First up, you’ll need to download shapefile data for the part of the world you’re interested in plotting. I wanted to focus on my current home of Seattle, which like many cities provides city shapefile map data for free. It’s even broken into city neighborhoods! The US Census Bureau provides a ton of national shapefiles here. Your city likely provides this kind of data too. Tom MacWright has GIS with Python, Shapely, and Fiona overview for more detail on Python mapping with these tools

Next, we’ll need to import the Shapefile data we downloaded from the data.seattle.gov link above

Code
shapefilename = 'data/Seattle_Neighborhoods/WGS84/Neighborhoods'
shp = fiona.open(shapefilename+'.shp')
coords = shp.bounds
shp.close()

width, height = coords[2] - coords[0], coords[3] - coords[1]
extra = 0.01
  • Use Basemap to plot the shapefiles
Code
m = Basemap(
    projection='tmerc', ellps='WGS84',
    lon_0=np.mean([coords[0], coords[2]]),
    lat_0=np.mean([coords[1], coords[3]]),
    llcrnrlon=coords[0] - extra * width,
    llcrnrlat=coords[1] - (extra * height), 
    urcrnrlon=coords[2] + extra * width,
    urcrnrlat=coords[3] + (extra * height),
    resolution='i',  suppress_ticks=True)

_out = m.readshapefile(shapefilename, name='seattle', drawbounds=False, color='none', zorder=2)

Prep data and pare down locations

The first step is to pare down your location history to only contain points within the map’s borders.

Code
# set up a map dataframe
df_map = pd.DataFrame({
    'poly': [Polygon(hood_points) for hood_points in m.seattle],
    'name': [hood['S_HOOD'] for hood in m.seattle_info]
})

# Convert our latitude and longitude into Basemap cartesian map coordinates
mapped_points = [Point(m(mapped_x, mapped_y)) for mapped_x, mapped_y in zip(location_data['longitude'], 
            location_data['latitude'])]
all_points = MultiPoint(mapped_points)

# Use prep to optimize polygons for faster computation
hood_polygons = (MultiPolygon(list(df_map['poly'].values)))
prepared_polygons = prep(hood_polygons)

# Filter out the points that do not fall within the map we're making
city_points_filter = filter(prepared_polygons.contains, all_points)
city_points_list = list(city_points_filter)
Code
hood_polygons
Self-intersection at or near point 1373.2245930902682 17705.454459863173

Code
df_map.tail()
name poly
116 North College Park POLYGON ((7030.064427959046 23557.22768256248,...
117 Maple Leaf POLYGON ((8132.34671963913 23955.72380105577, ...
118 Crown Hill POLYGON ((5426.118400305284 23570.62258082016,...
119 Greenwood POLYGON ((5823.505256198943 23565.24123078629,...
120 Sunset Hill POLYGON ((2720.630502370794 22739.9815489074, ...
Code
print("total data points in this period: {}".format(len(all_points)))
print("total data points in the city shape file for this period: {}".format(len(city_points_list)))
percentage_in_city = round(len(city_points_list)/len(all_points),2)*100
print("{}% of points this period are in the city shape file".format(percentage_in_city))
total data points in this period: 716017
total data points in the city shape file for this period: 292617
41.0% of points this period are in the city shape file

Now, city_points contains a list of all points that fall within the map and hood_polygons is a collection of polygons representing, in my case, each neighborhood in Seattle.

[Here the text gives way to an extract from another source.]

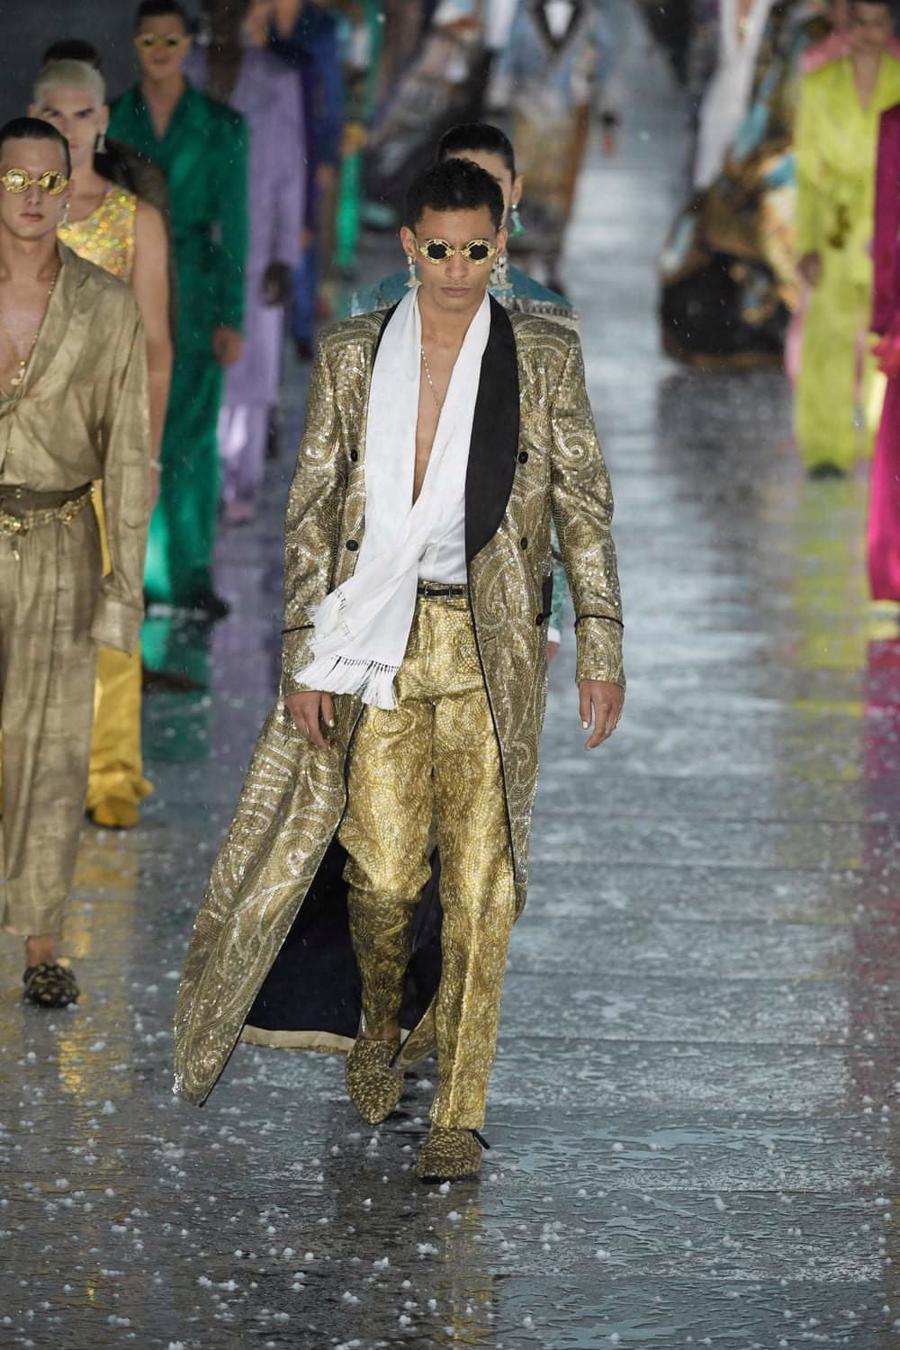 Thế giới chứng kiến những gì sau bữa tiệc xa hoa của Dolce & Gabbana? - Ảnh 15

Compute your measurement metric

The raw data for my choropleth should be “number of points in each neighborhood.” With Pandas, again, it’s easy. (Warning - depending on the size of the city_points array, this could take a few minutes.)

Code
def num_of_contained_points(apolygon, city_points):
    points = len(list(filter(prep(apolygon).contains, city_points)))
    return (points)
Code
df_map['name'][41]
'University District'
Code
udistrict_points = round(len(list(filter((df_map['poly'][41]).contains, city_points_list)))/len(city_points_list),2)*100
print("{}% of points this in the city shape file are from the {}".format(udistrict_points, df_map['name'][41]))
93.0% of points this in the city shape file are from the University District
Code
df_map['hood_count'] = df_map['poly'].map(lambda x: num_of_contained_points(x, city_points_list))
df_map['hood_hours'] = df_map.hood_count/60.0
  • view most popular neighborhoods by counts
Code
df_map.sort_values(['hood_count'], ascending=[0]).head()
name poly hood_count hood_hours
41 University District POLYGON ((10922.3368171583 18686.63646881089, ... 271001 4516.683333
31 Wallingford POLYGON ((6833.376859840086 19104.80491919432,... 5869 97.816667
40 Roosevelt POLYGON ((9772.031684109563 21918.84443396827,... 2611 43.516667
35 Ravenna POLYGON ((9870.257357092554 21917.8137398672, ... 2455 40.916667
99 Broadway POLYGON ((8668.473681961603 16293.21876423242,... 1457 24.283333

So now, df_map.hood_count contains a count of the number of GPS points located within each neighborhood. But what do those counts really mean? It’s not very meaningful knowing that I spent any n “counts” in a neighborhood, except to compare neighborhood counts against each other. And we could do that. Or we could convert hood_count into time

Turns out, converting counts into time is straightforward. From investigating the location history, it seems that unless the phone is off or without reception, Android reports you location exactly every 60 seconds. Not usually 60 seconds, not sometimes 74 seconds, every 60 seconds. It’s been true on Android 4.2-6.0. Hopefully that means it holds true for you, too. So if we make the assumption that my phone on 24/7 (true) and I have city-wide cellular reception (also true), then all we need to do is hood_count/60.0, as shown above, and now we’re talking in hours instead of counts.

Choropleth Plot

  • The code for creating this hexbin map below is in choropleth.py
Code
#%run choropleth.py
Code
# Check out the full post at http://beneathdata.com/how-to/visualizing-my-location-history/
# for more information on the code below

breaks = Natural_Breaks(
    df_map[df_map['hood_hours'].notnull()].hood_hours.values,
    initial=300,
    k=5)

# the notnull method lets us match indices when joining
jb = pd.DataFrame({'jenks_bins': breaks.yb}, index=df_map[df_map['hood_hours'].notnull()].index)
df_map['jenks_bins'] = jb
df_map.jenks_bins.fillna(-1, inplace=True)
jenks_labels = ['Never been here', "> 0 hours"]+["> %d hours"%(perc) for perc in breaks.bins[:-1]]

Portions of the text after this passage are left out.